Missing values and algorithm parameters

Missing values were included in the analysis as a separate category that was allowed to merge with other categories in the decision tree. The imputation of missing values of input variables was unnecessary [35]. A previous study has shown that the a decision tree developed with the presence of missing values in their input variables has reasonable misclassification rates, especially when the missing values are not very high (e.g., 20%) [42].
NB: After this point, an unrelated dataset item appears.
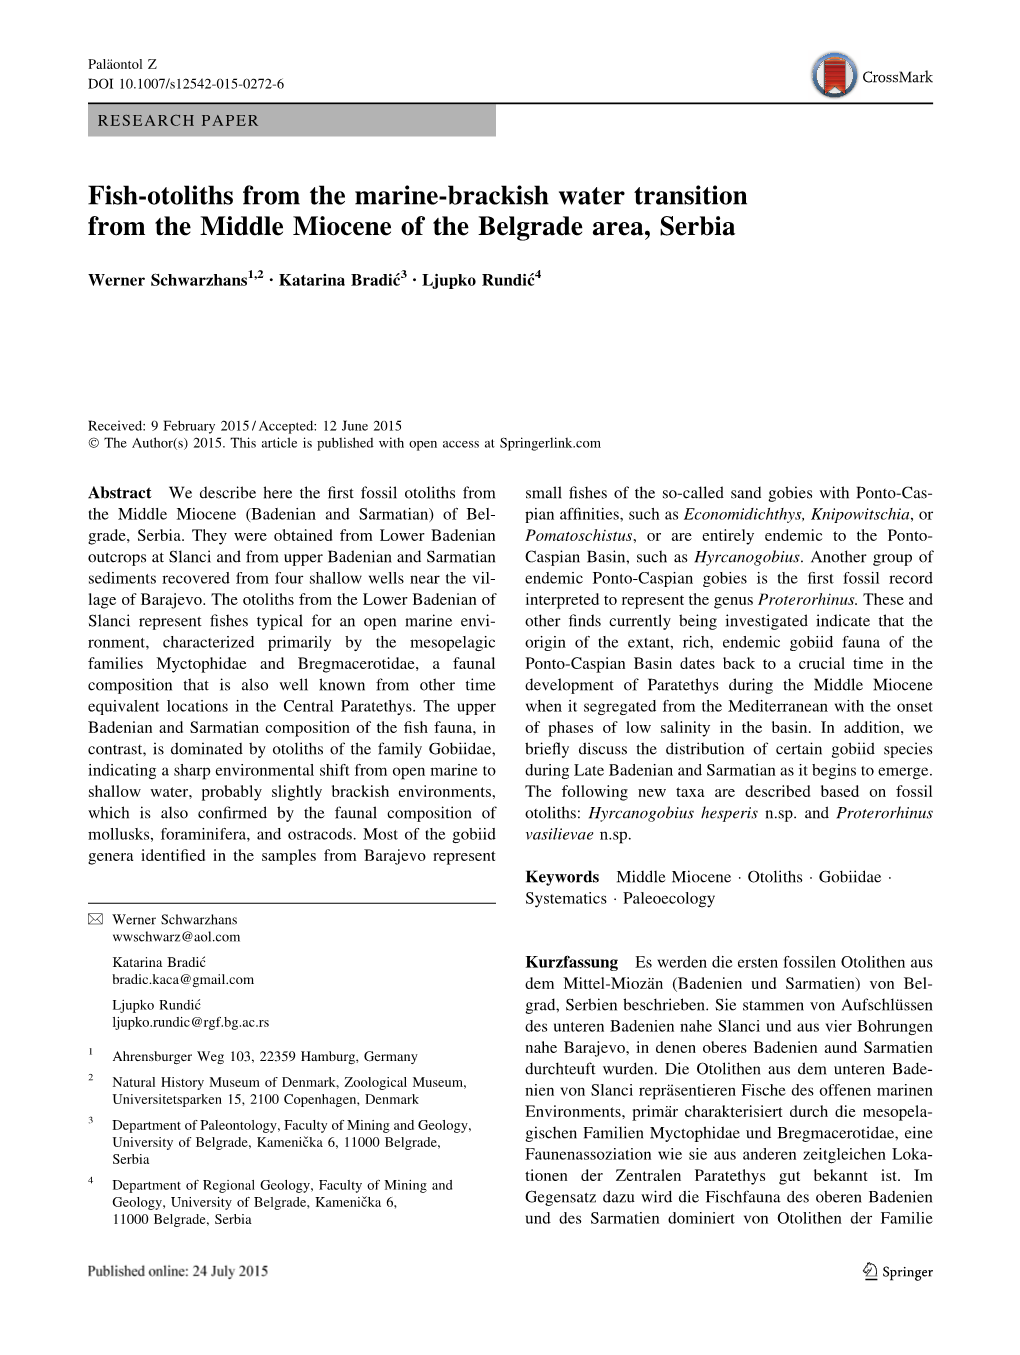 Fish-Otoliths from the Marine-Brackish Water Transition from the Middle Miocene of the Belgrade Area, Serbia
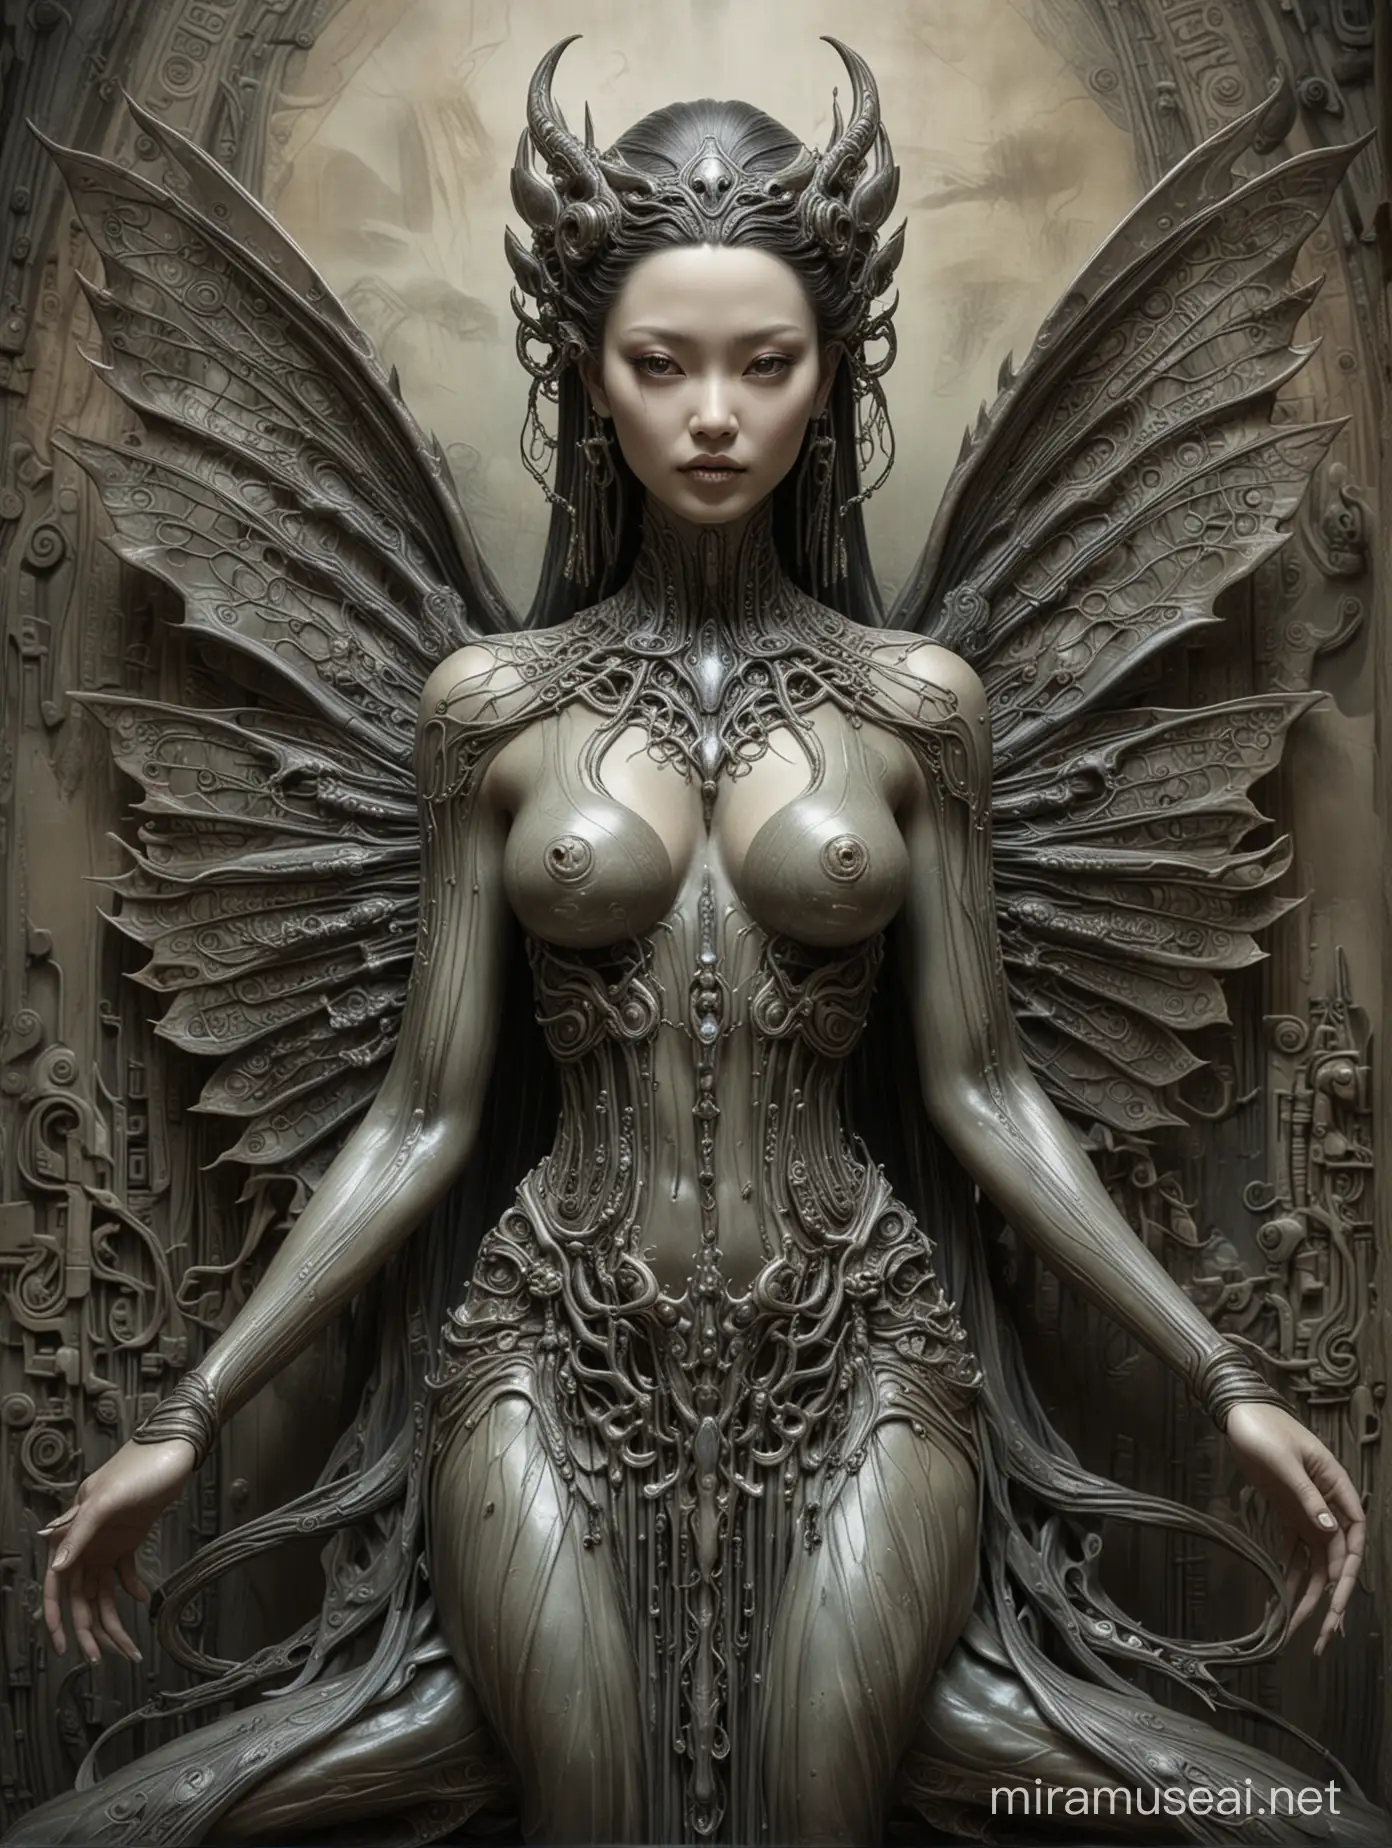 HR Giger Inspired Fairy of Dunhuang Artwork

Several parameters must be set prior to constructing a decision tree model. Of these parameters, pruning criteria are the most primary ones to limit the size of the tree and prevent overfitting [14]. The pruning criteria were set such that groups smaller than 80 were not split any further (maximum number of participants in a parent node), and no group smaller than 40 was formed (maximum number of participants in a child node). The tree growth was limited to 10 layers, meaning that a maximum of 10 factors could be selected to form a group.

Model validation and visualization

We created and validated the model using 10-fold cross-validation. To evaluate the accuracy of the final decision tree model, we used the confusion matrix, which shows the proportion of participants with each outcome variable that was correctly and incorrectly classified. In the visualization of the final tree, the percentage of active and inactive participants in each subgroup, along with the response index (RI), was presented. The RI is the percentage of inactive participants in each subgroup relative to that of inactive participants in the total sample (i.e., 41.1%). Similar to an odds ratio, RI is an indicator of the direction and strength of the association [16].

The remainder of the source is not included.